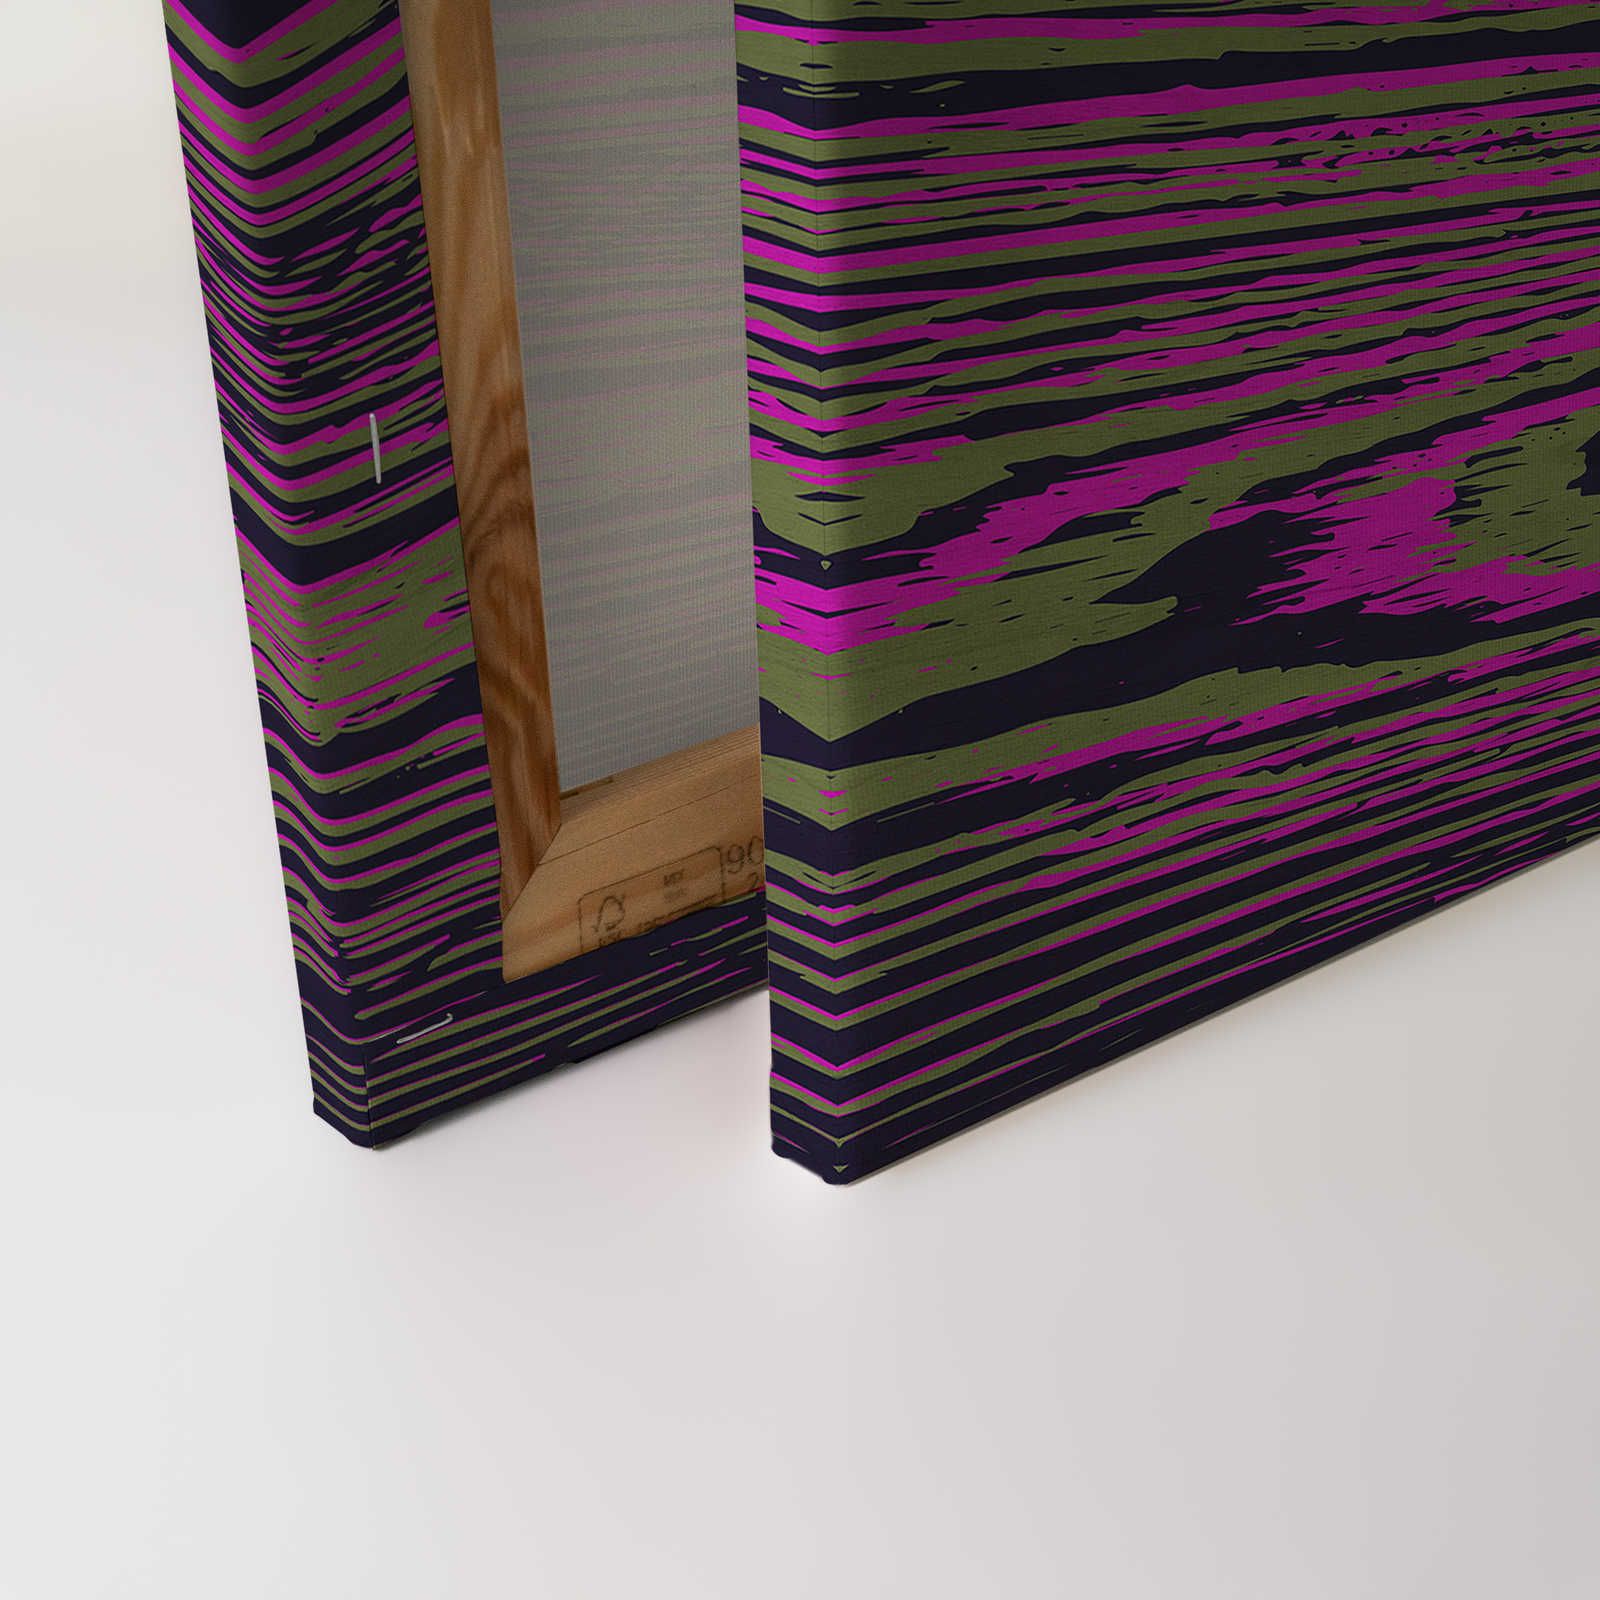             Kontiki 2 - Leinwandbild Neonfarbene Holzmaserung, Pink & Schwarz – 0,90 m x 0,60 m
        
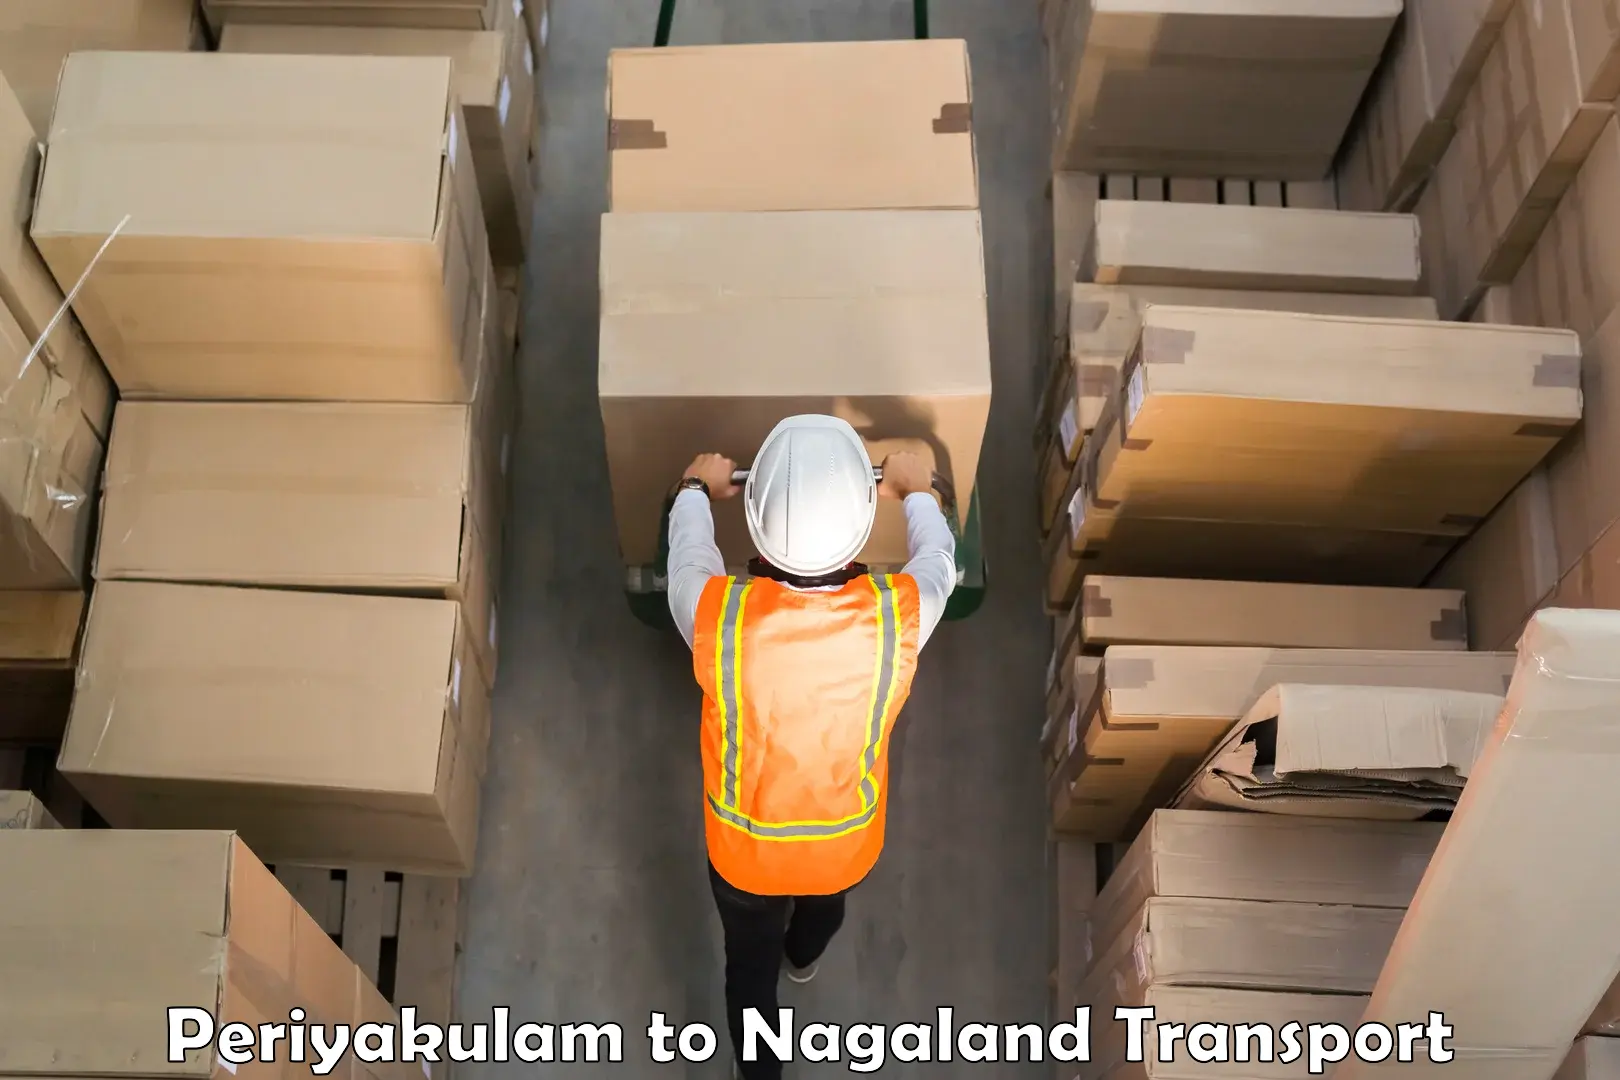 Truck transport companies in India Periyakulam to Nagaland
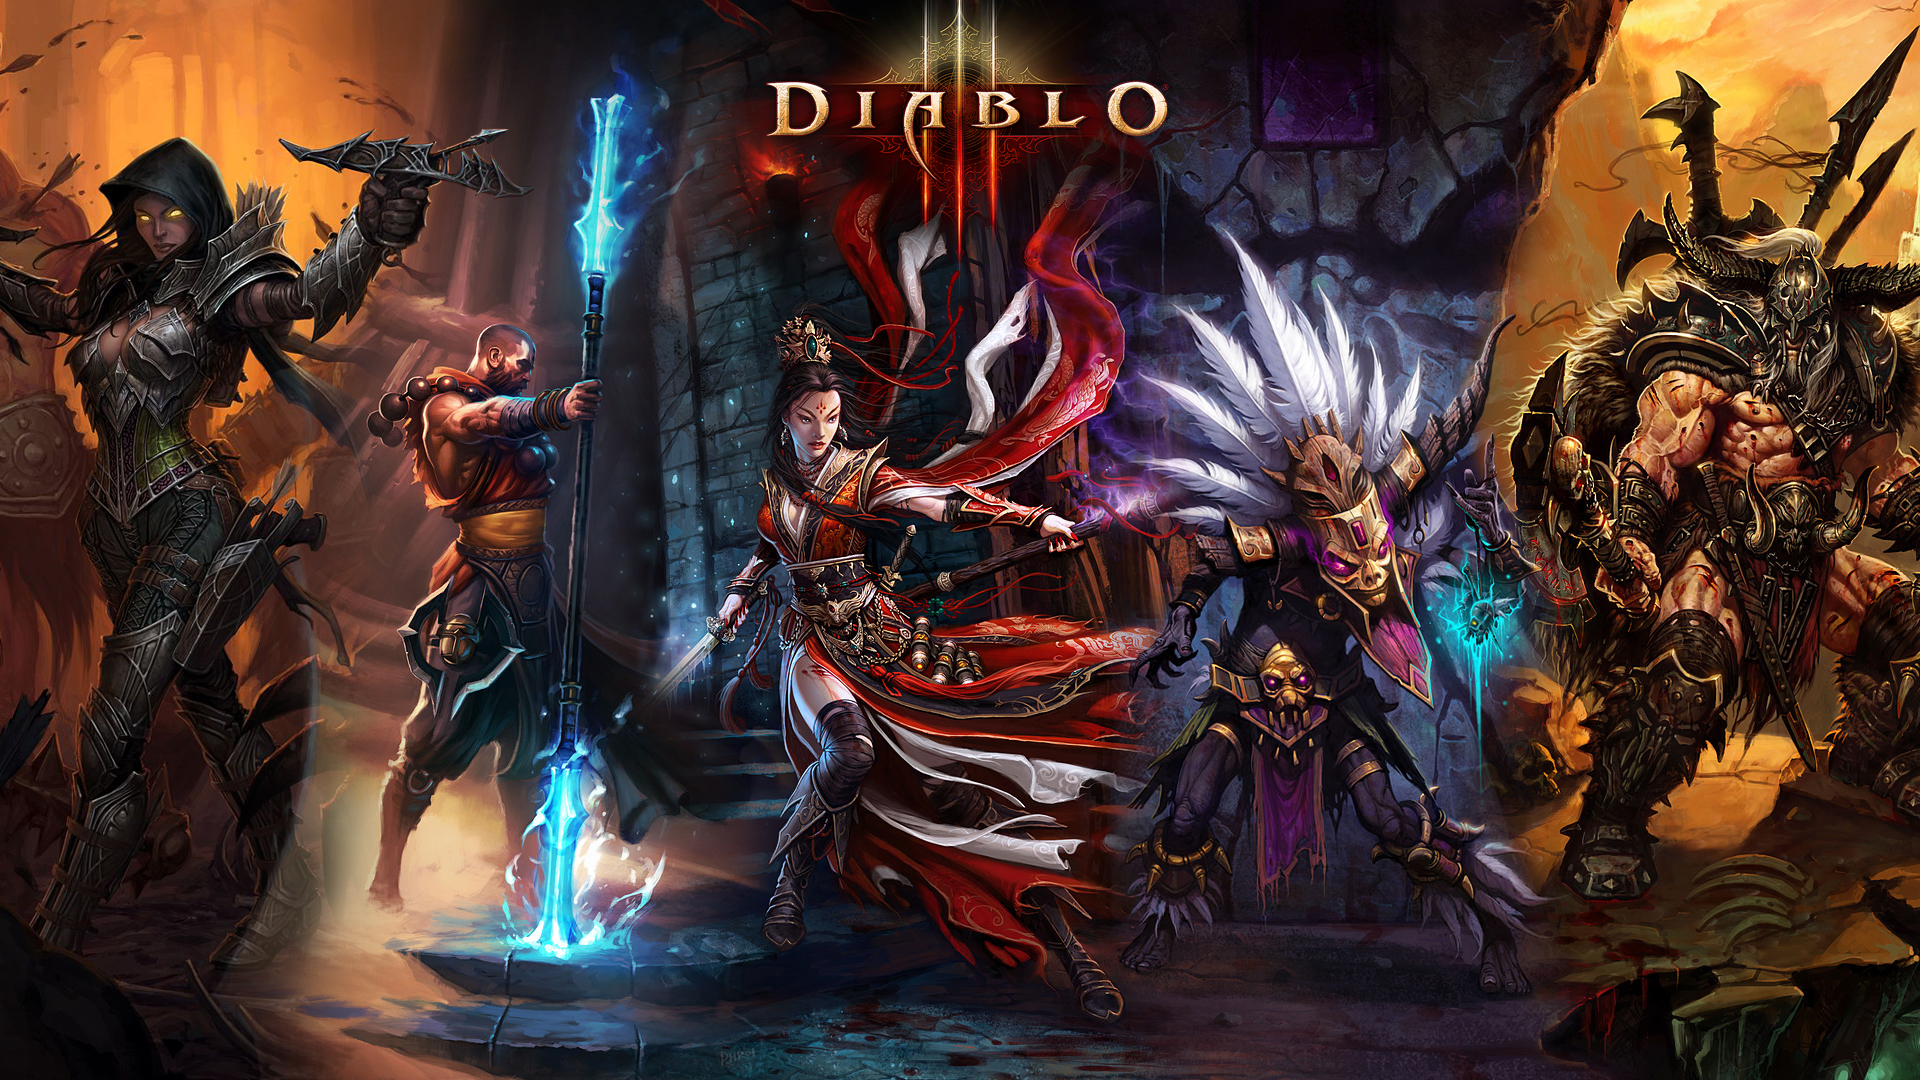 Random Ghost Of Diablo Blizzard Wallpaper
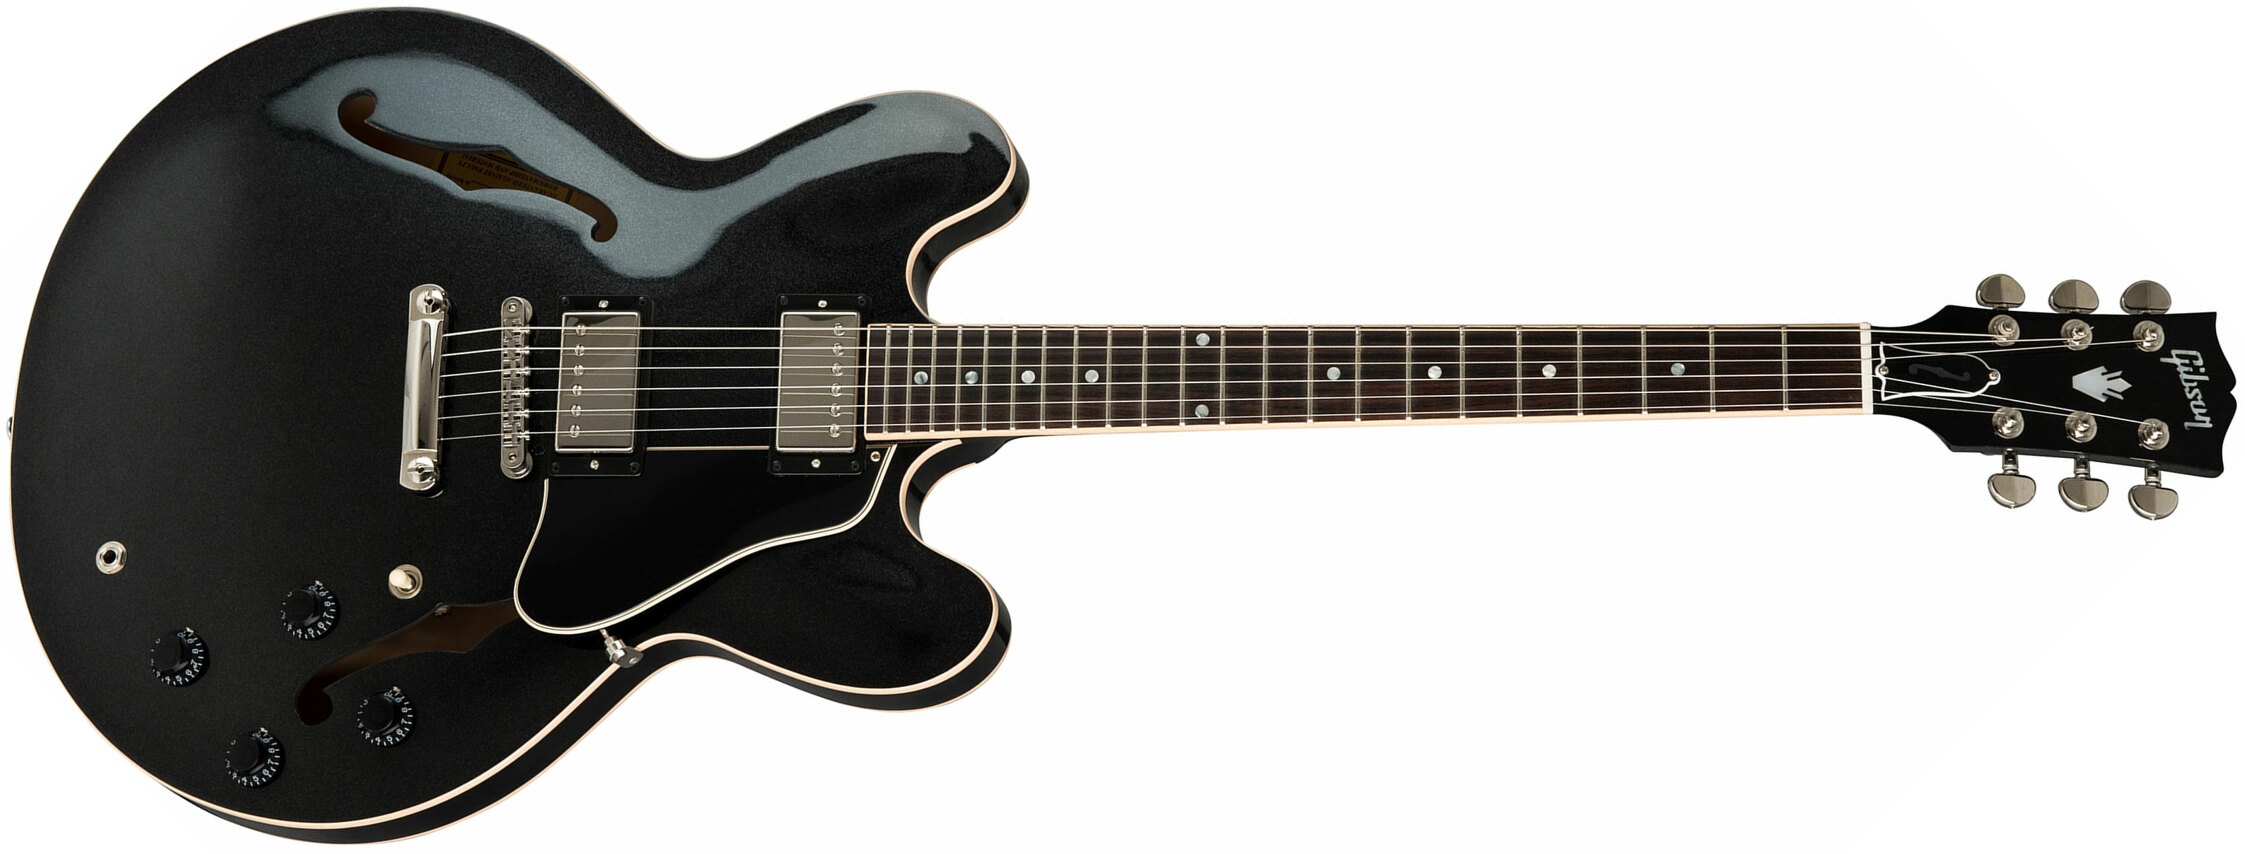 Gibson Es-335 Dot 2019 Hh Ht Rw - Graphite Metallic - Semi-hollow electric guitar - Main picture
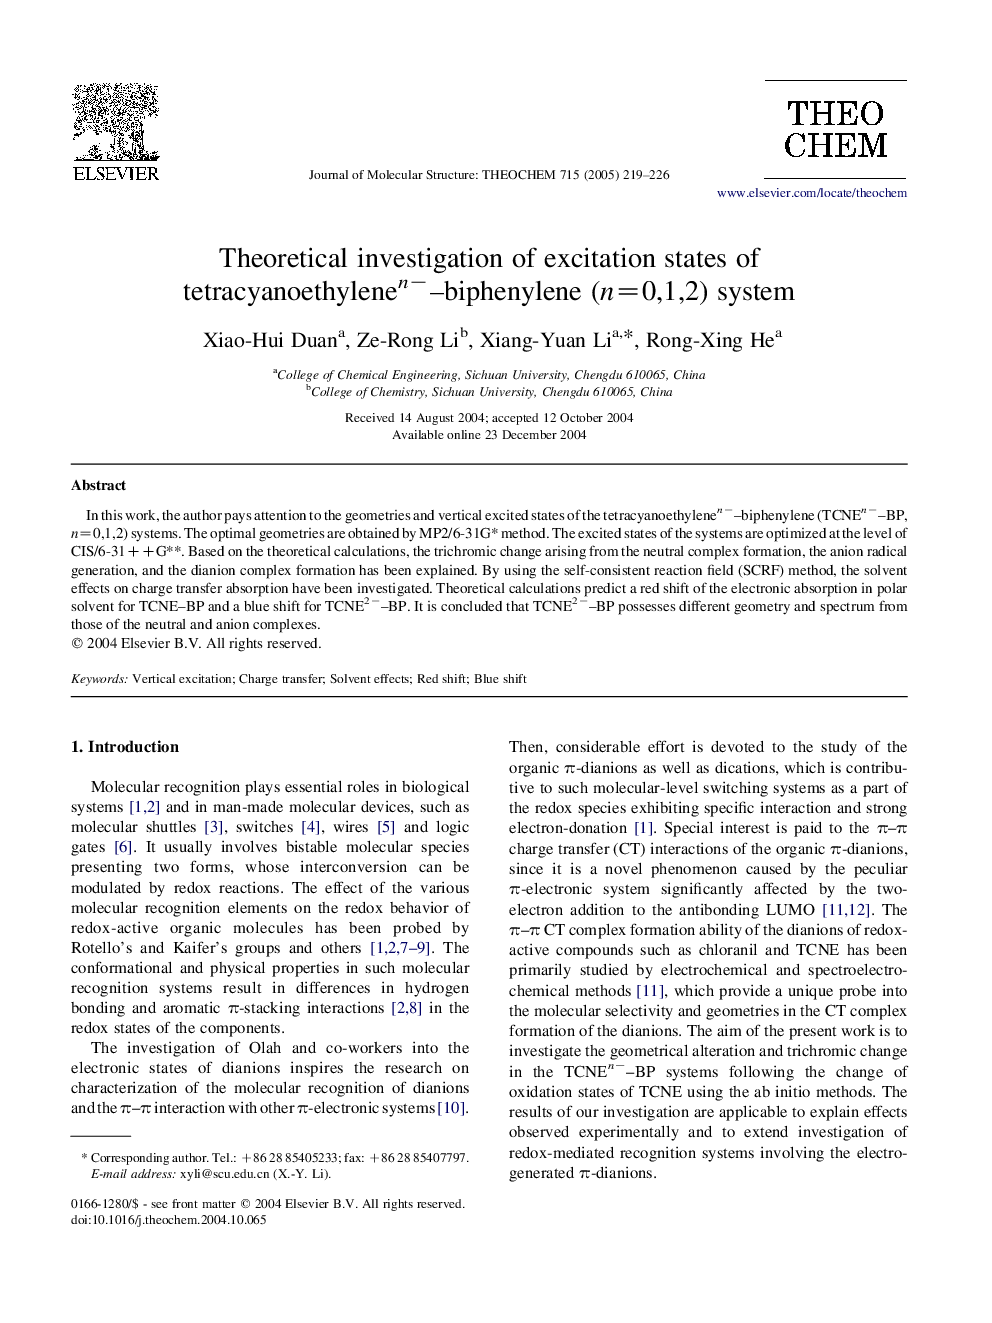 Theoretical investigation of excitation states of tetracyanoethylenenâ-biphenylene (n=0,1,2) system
+===+
▸ **Task statement**
Copy, without the pictures, exactly the lines from the line with "Random Ghost Of Diablo Blizzard Wallpaper" through the end of the material above, both ends included.

▸ **Exercise answer**
 Random Ghost Of Diablo Blizzard Wallpaper
 Gibson Es-335 Dot 2019 Hh Ht Rw - Graphite Metallic - Semi-hollow electric guitar - Main picture
 Theoretical investigation of excitation states of tetracyanoethylenenâ-biphenylene (n=0,1,2) system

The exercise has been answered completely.